Global Oil Consumption Rate Grows

Global Oil Consumption Rate Grows
Global oil consumption grew above the 10-year average rate for a second consecutive year in 2016.

Global oil consumption grew above the 10-year average rate for a second consecutive year in 2016, rising by 1.6 percent, or 1.6 million barrels per day, BP’s latest Statistical Review of World Energy revealed.

Strong increases in demand were seen from India (up 300,000 bpd) and Europe (up 300,000 bpd) and while demand from China continued to grow (up 400,000 bpd) it was lower than in recent years.

Growth in production was limited to only 0.5 percent, which led to the oil market broadly returning back into balance by mid-year. However, prices continued to be depressed by the large overhang of built-up inventories. 
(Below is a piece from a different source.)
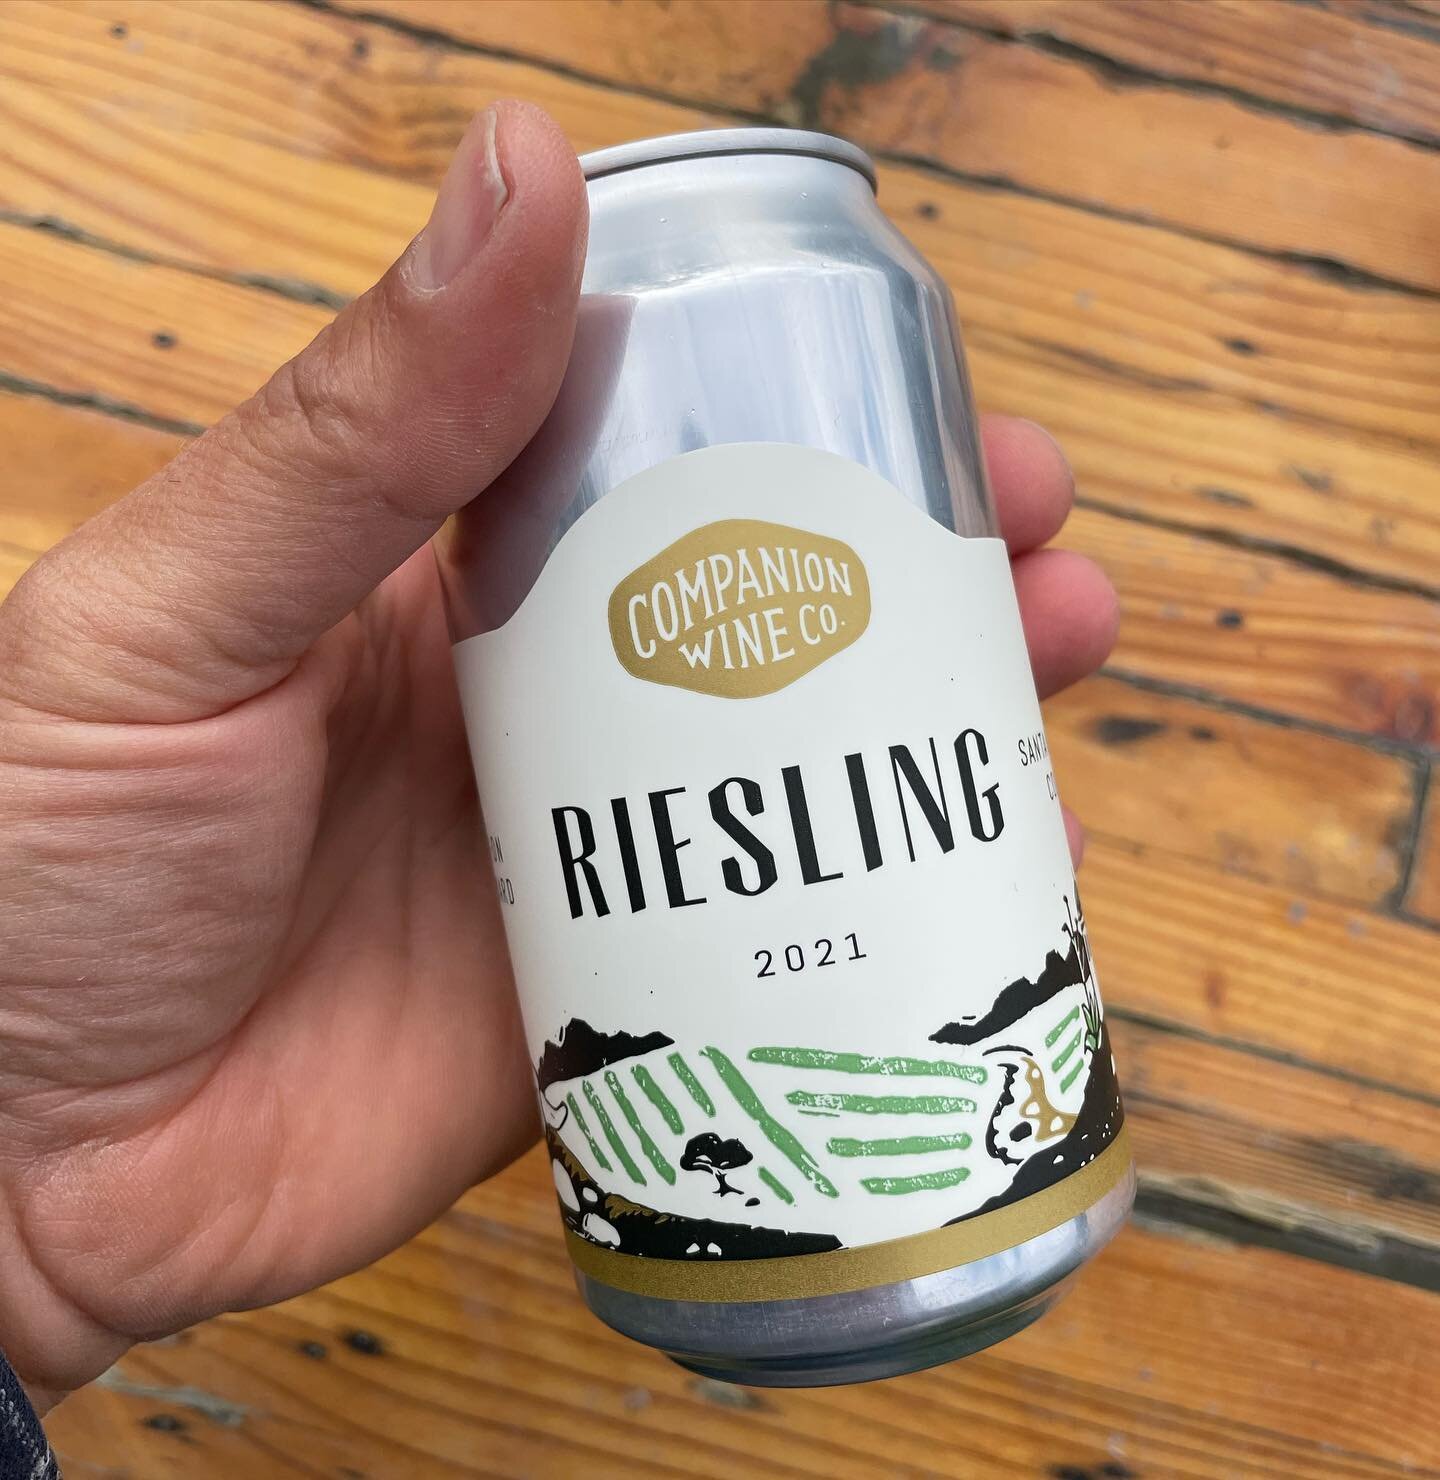 Summery sundays and kick-on Riesling are made for each other. We made very little of this wine, so if you find it in the wild get it while it&rsquo;s getting gooood.

#errrydayimriesling #arieslingtolive #cannedwine

Natural gas production was also adversely affected by low prices, growing by only 0.3 percent. US gas output fell in 2016, the first reduction since the advent of the shale revolution in the mid-2000s.

Overall global energy demand was ‘weak’ in 2016 for the third consecutive year, growing by just 1 percent, according to BP’s review.

The growth rate was similar to rises of 0.9 percent and 1 percent seen in 2015 and 2014, respectively, and significantly lower than the 10-year average rate of growth of 1.8 percent. Almost all of the growth came from fast-growing developing economies, with China and India together accounting for half of all growth.

Renewables were the fastest growing of all energy sources, rising by 12 percent. Although providing still only 4 percent of total primary energy, the growth in renewables represented almost a third of the total growth in energy demand in 2016. In contrast, use of coal – the most carbon-intensive of the fossil fuels – fell steeply for a second year, down by 1.7 percent, primarily due to falling demand from both the US and China.

“Global energy markets are in transition,” Bob Dudley, BP group chief executive, said in a company statement.

“The longer-term trends we can see in this data are changing the patterns of demand and the mix of supply as the world works to meet the challenge of supplying the energy it needs while also reducing carbon emissions,” he added.